Hanajin: Flowers for all Occasions

One of the many pleasures of city life in Tokyo is the large number of flower shops. Koto-ku seems blessed with more than a fair share, of which Hanajin, near Nishi-ojima station, is an excellent representative. I recently dropped in for a chat with the exceptionally affable owner Mr. Ikenouchi.

 

 

“I’m the third generation owner,” he said, while skilfully trimming and bundling some brilliant red roses. “My grandfather first opened the shop around 50 years ago and we’ve been in this location for 48 years now. I was born and raised here in Ojima, and still live here now. Being a florist is a real calling, a vocation.”

 

 

“We sell cut flowers, mainly for decorating the Buddhist altars in homes (butsudan), as well as seasonal flowers.

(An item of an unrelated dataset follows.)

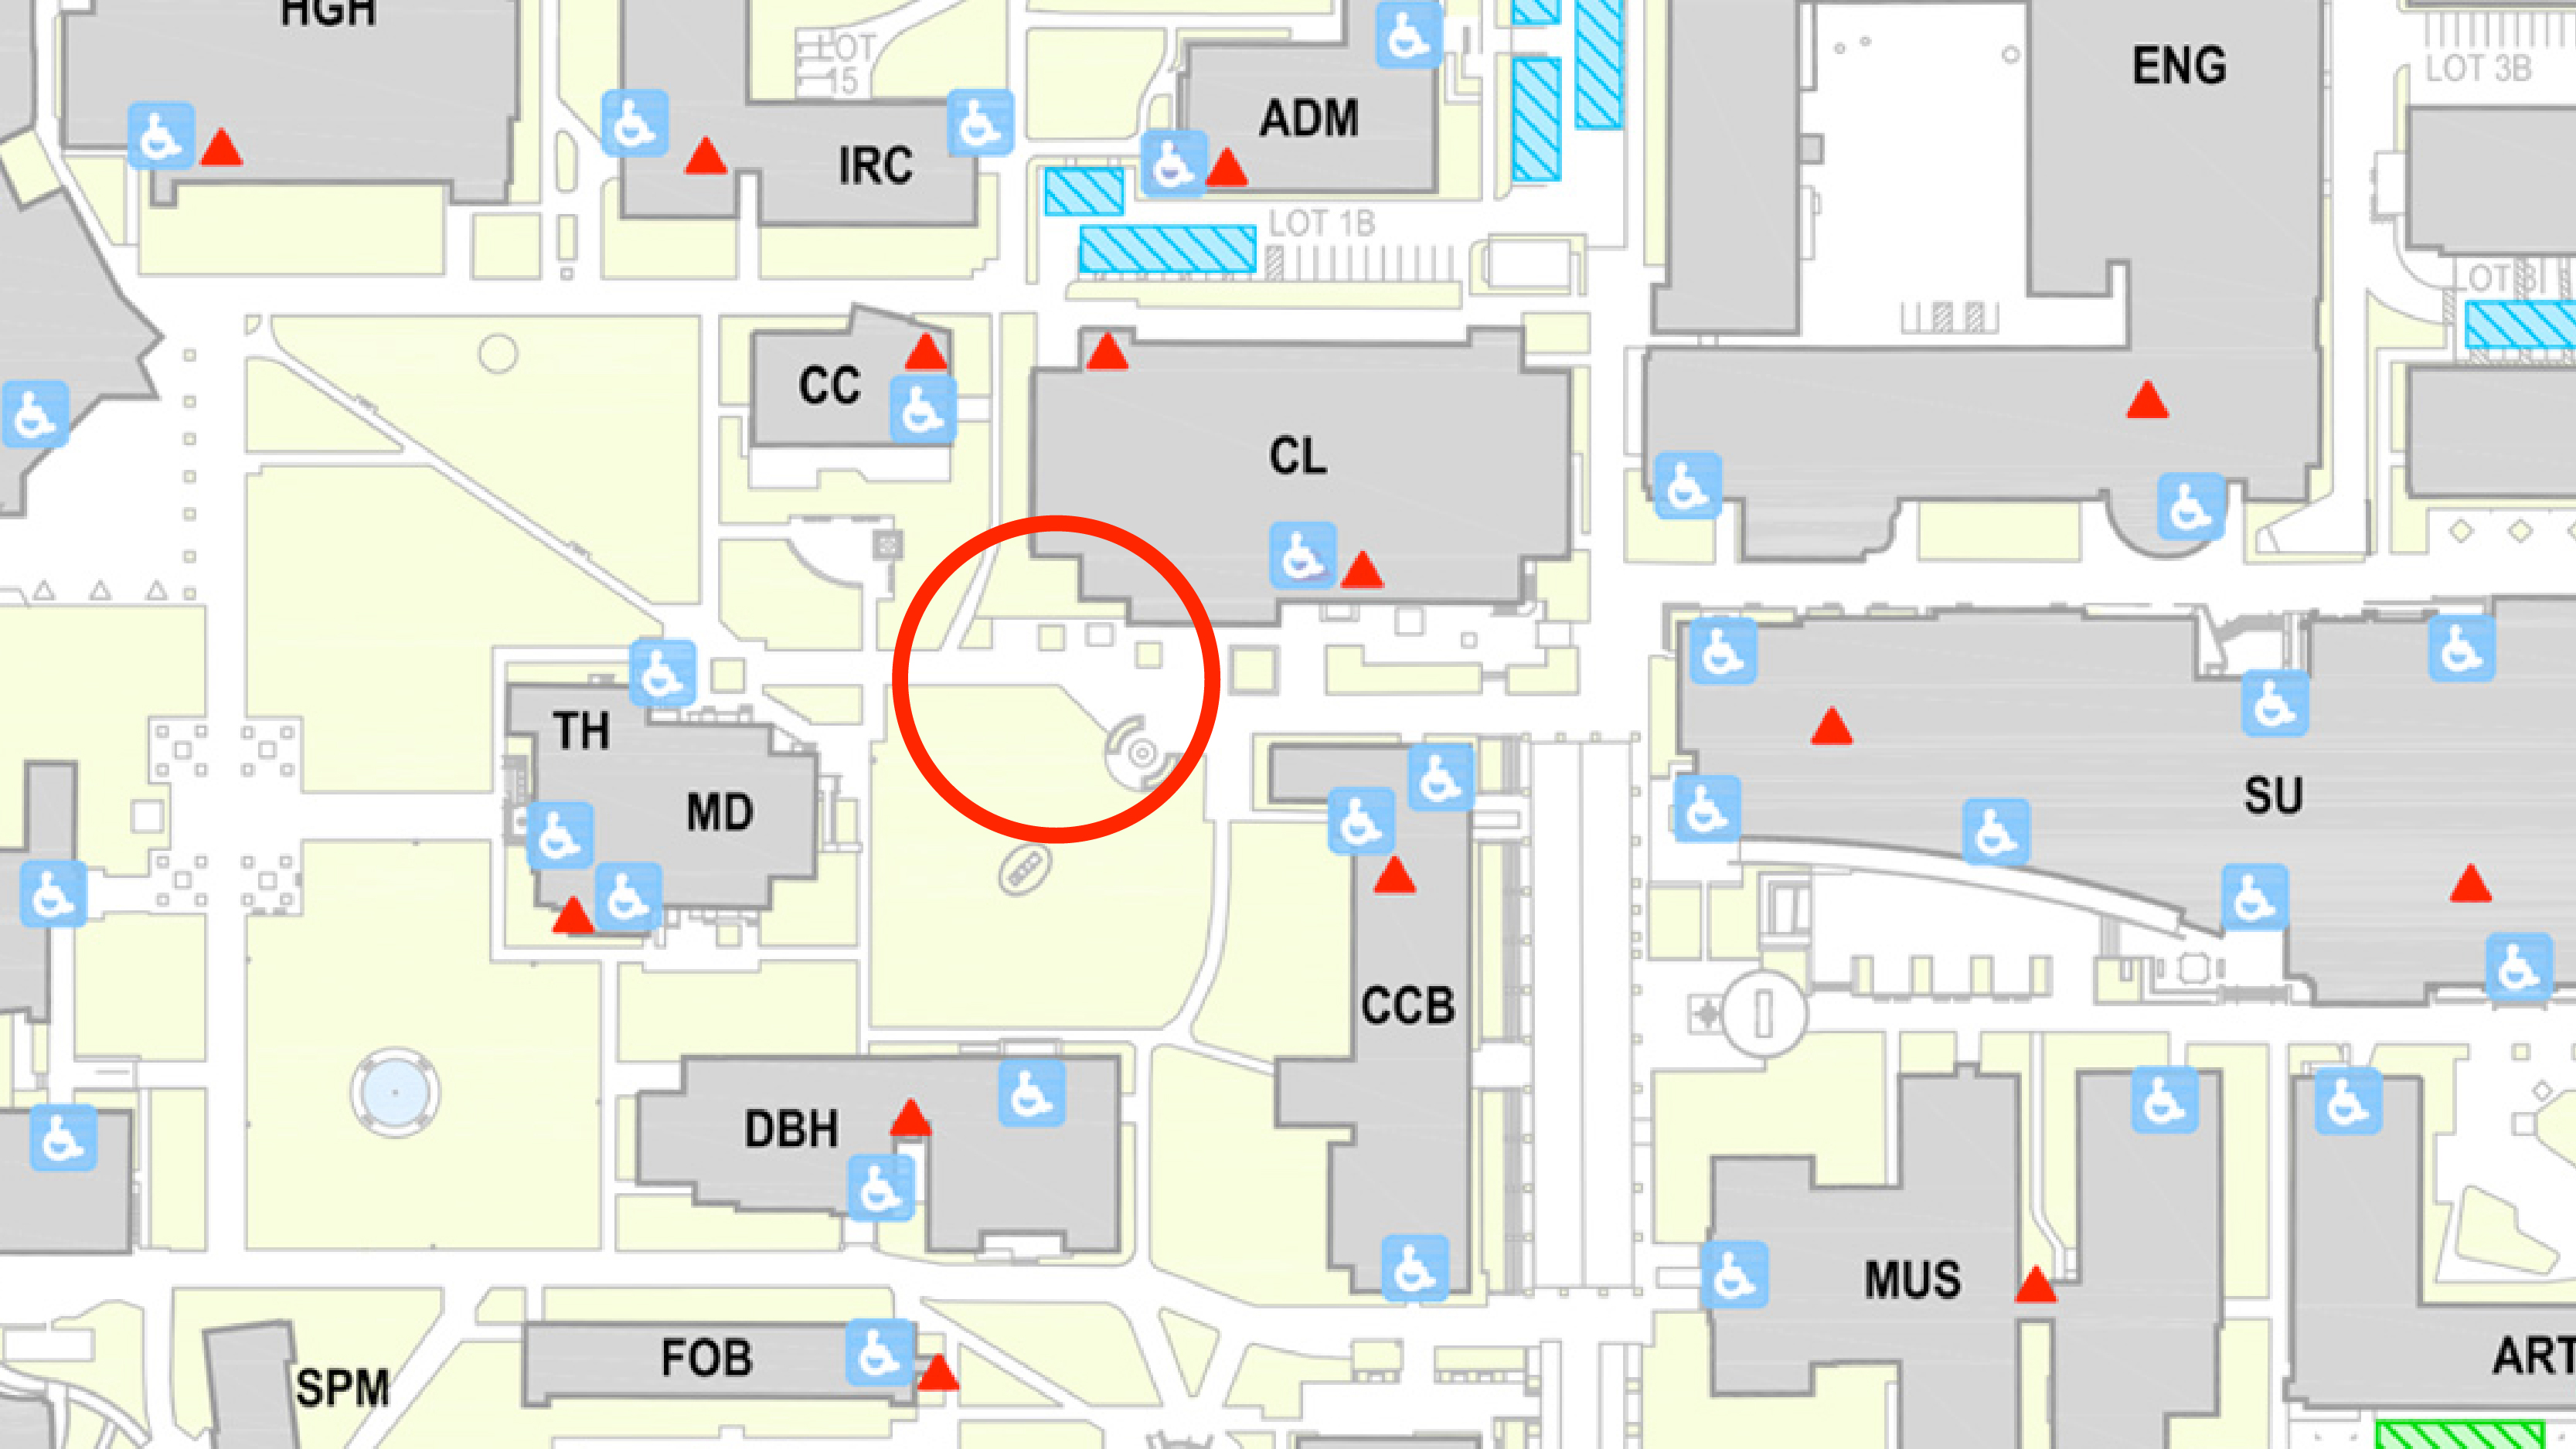 Map of SJSU with Clark Hall circled

Right now, in early spring that means tulips, sweet peas, and freesias.”

 

 

While cherry blossom may be the flower that is seen to be most representative of Japan, it’s chrysanthemums that are most often found in homes. Although traditionally autumn flowers, there’s a wide variety available all year round.

 

 

“Our busiest times are New Year, the spring and autumnal equinoxes, and the Bon Festival in summer,” says Mr. Ikenouchi. It’s interesting to note how closely the latter three, all Buddhist commemorative events, are associated with flowers or plants of one kind or another.

 

 

“I usually visit the flower market in Ichikawa, Chiba twice a week,” he says. “It’s difficult to gauge just how much to buy and I have to use my judgement. I can’t store the flowers, so I have to sell what I buy quickly!”

 

 

The shop interior is a riot of colour and the smell is wonderful. Hydrangeas, prairie gentians, liatris, astromeria, casablanca lilies and yuki orchids jostle for space in the cabinet and on the floor.

 

 

Roses retain their popularity;

 

 

As do carnations. When asked, Mr. Ikenouchi declares his personal favourites to be sweet peas.

 

 

Hanajin also sells Cleyera Japonica (sasaki), used in Shinto rituals and as a decoration, cherry blossoms, catkins, and the waxy-leaved anthuriums.

 

 

Whatever your needs, Mr. Ikenouchi is ready to oblige. If you can’t decide yourself just name a price you’re prepared to pay (around 1,000 yen should get you a nice bunch) and allow him to make up a bouquet of seasonal flowers. He’s a great character and more than happy to discuss his lifelong passion for beautiful flowers.